Sim, palavras conduzem à violência


O cantor inglês Bob Vylan: refrão pede a morte de soldados israelenses
Crédito: Facebook Bob Vylan

O cantor inglês Bob Vylan: refrão pede a morte de soldados israelenses

É chato eu ficar me repetindo, eu sei, mas preciso dizer novamente: nesse canto do mundo, não há monotonia. Nada de um dia após o outro, transcorrendo em períodos de 24 horas que, somados sete vezes, viram uma semana. Ah, não. Aqui é tudo instantâneo. Os eventos se empilham uns sobre os outros.

Tivemos há pouco um show de terror protagonizado por um rapper inglês de tranças enormes e corpo tatuado que adotou o nome artístico de Bob Vylan – do qual eu, e provavelmente você, nunca ouvimos falar antes, mas a partir de agora agora jamais esqueceremos seu nome. Sobre o palco do Festival Glastonbury em Somerset, na Inglaterra, em frente a milhares de pessoas, o energúmeno gritou eufórica e repetidas vezes a frase “Morte às FDI” (Forças de Defesa de Israel) para um público tão bruto quanto ele próprio.

Verdade seja dita, ele nem ao menos fez algo de novo: em abril, no Festival Coachella, na Califórnia, o grupo de rap irlandês Kneecap fez algo bem parecido, com uma variaçãozinha: “Fxxx Israel, Free Palestine” .

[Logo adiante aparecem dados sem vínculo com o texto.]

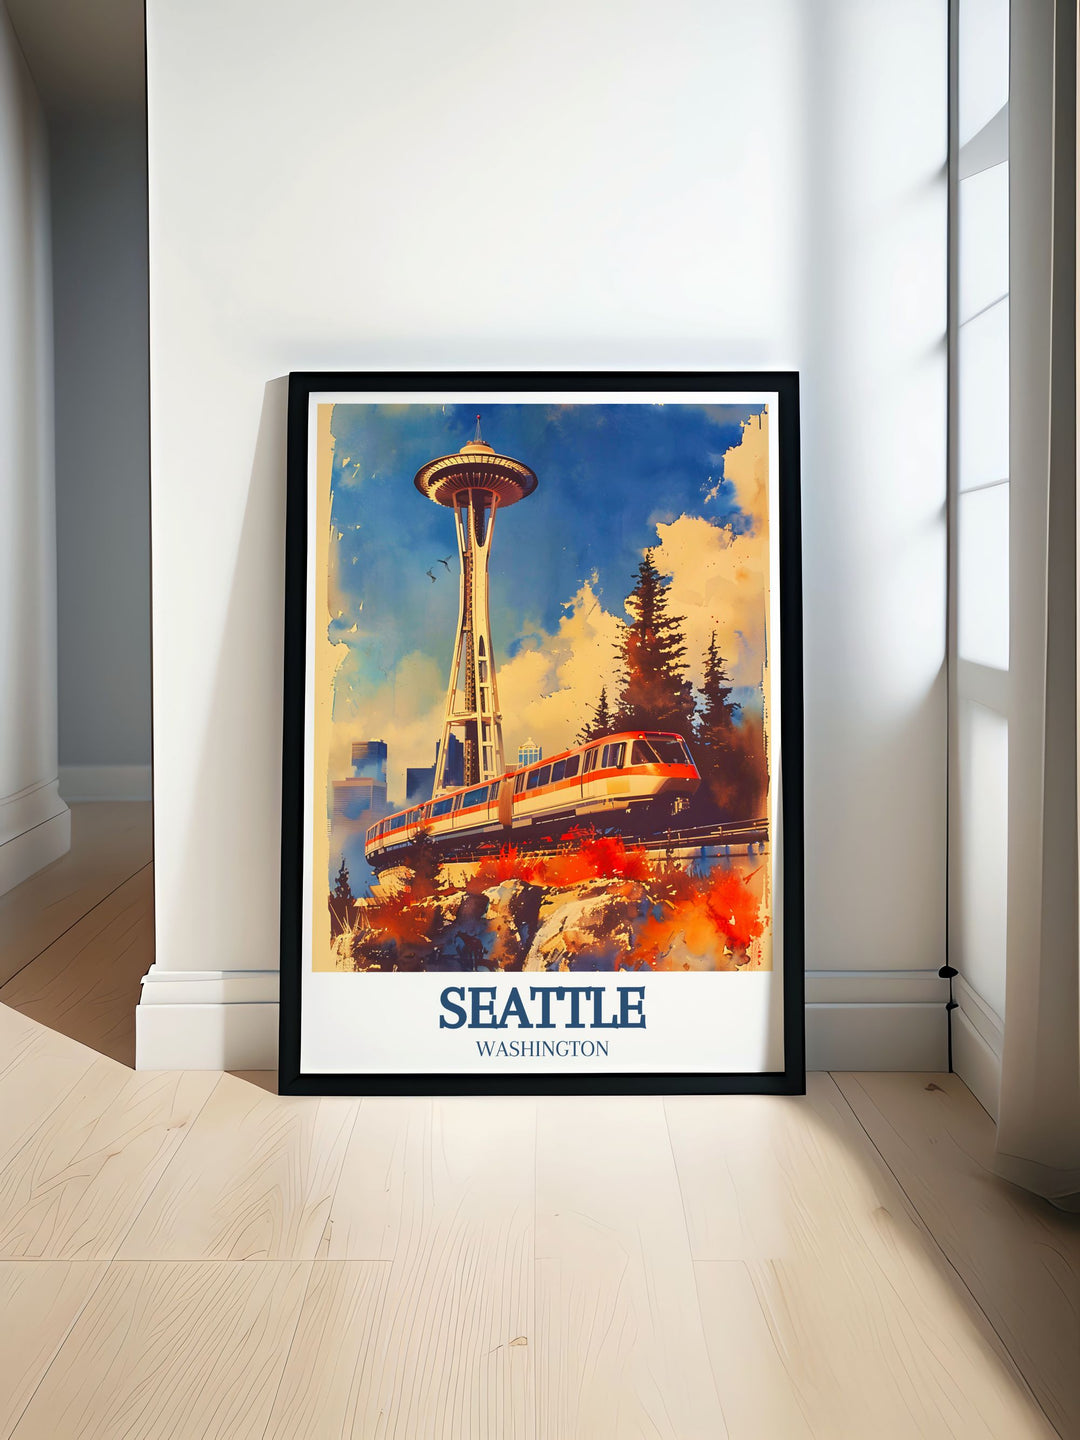 Featuring the serene landscapes of the Summit at Snoqualmie and the architectural marvels of the Seattle skyline, this skiing poster is perfect for those who love winter sports and appreciate the beauty of iconic landmarks.

Terrorismo em festival musical

É triste notar que justamente neste tipo de festival musical, que via de regra reúne milhares de jovens com a mesma vibe livre e vibrante, aconteça esse tipo de chamamento racista. Afinal, milhares de israelenses dessa mesma “tribo” dançante  participavam do Festival Nova, no sul de Israel, quando se tornaram alvo do pior atentado terrorista já realizado em um evento cultural – justamente um evento de música nos mesmos moldes de Glastonbury e de Coachella. Depois de horas de perseguição, tortura, estupro e assassinatos brutais, mais de 350 pessoas foram mortas e milhares ficaram feridas. Foram cenas tão brutais que, acreditavam as pessoas de bem, nunca mais seriam esquecidas. Mas foram, e bem rapidamente.

Natalie Sanandaji, israelense sobrevivente do Nova, concedeu uma entrevista a um podcast chamado Leading British Conversation justamente sobre esse tema. Fiquei tocada com  o que ela contou – e acho que vale a pena reproduzir suas palavras aqui para que o leitor possa chegar à sua própria conclusão. A entrevistadora perguntou a Natalie o que ela sentiu após ouvir as notícias sobre o que aconteceu em Glastonbury. Essa foi sua resposta.

“Eu e outros participantes do Festival Nova já não nos sentimos mais seguros em festivais de música depois que o Hamas transformou a pista de dança em uma área de guerra. Estive em dois festivais depois do 7.10 [data da invasão do Hamas ao sul de Israel]. O primeiro foi na Hungria, e eu achei que seria uma experiência de cura. No entanto, dei de cara com grafites antissemitas nos banheiros e nas paredes.

“Depois viajei para o Festival AD na Holanda. Lá, vi uma festa que acontecia em um parque e, ao me aproximar, entendi que se tratava na verdade de um evento pró-palestina. Imediatamente pensei: se souberem que sou judia, irão me atacar? Tentei me convencer de que eu estava exagerando. Daí, três semanas depois, aconteceu o  pogrom em Amsterdã [após um evento esportivo com a presença de um time israelense, centenas de muçulmanos passaram a perseguir e atacar torcedores israelenses nas ruas, promovendo uma verdadeira caçada humana]. Meses depois, desmascararam um complô em Portugal para envenenar participantes israelenses. Palavras levam à violência. Hoje, toda vez que penso em ir a um festival de música, sinto que vou arriscar minha vida.”

 Serve de consolo saber que a incitação do tal Vylan levou os Estados Unidos a retirar o seu visto de entrada no país, resultando no cancelamento de uma sequência de shows agendados. Apresentações em alguns países europeus também foram canceladas. O que não resolve o problema, mas pelo menos consola e traz o tema à discussão.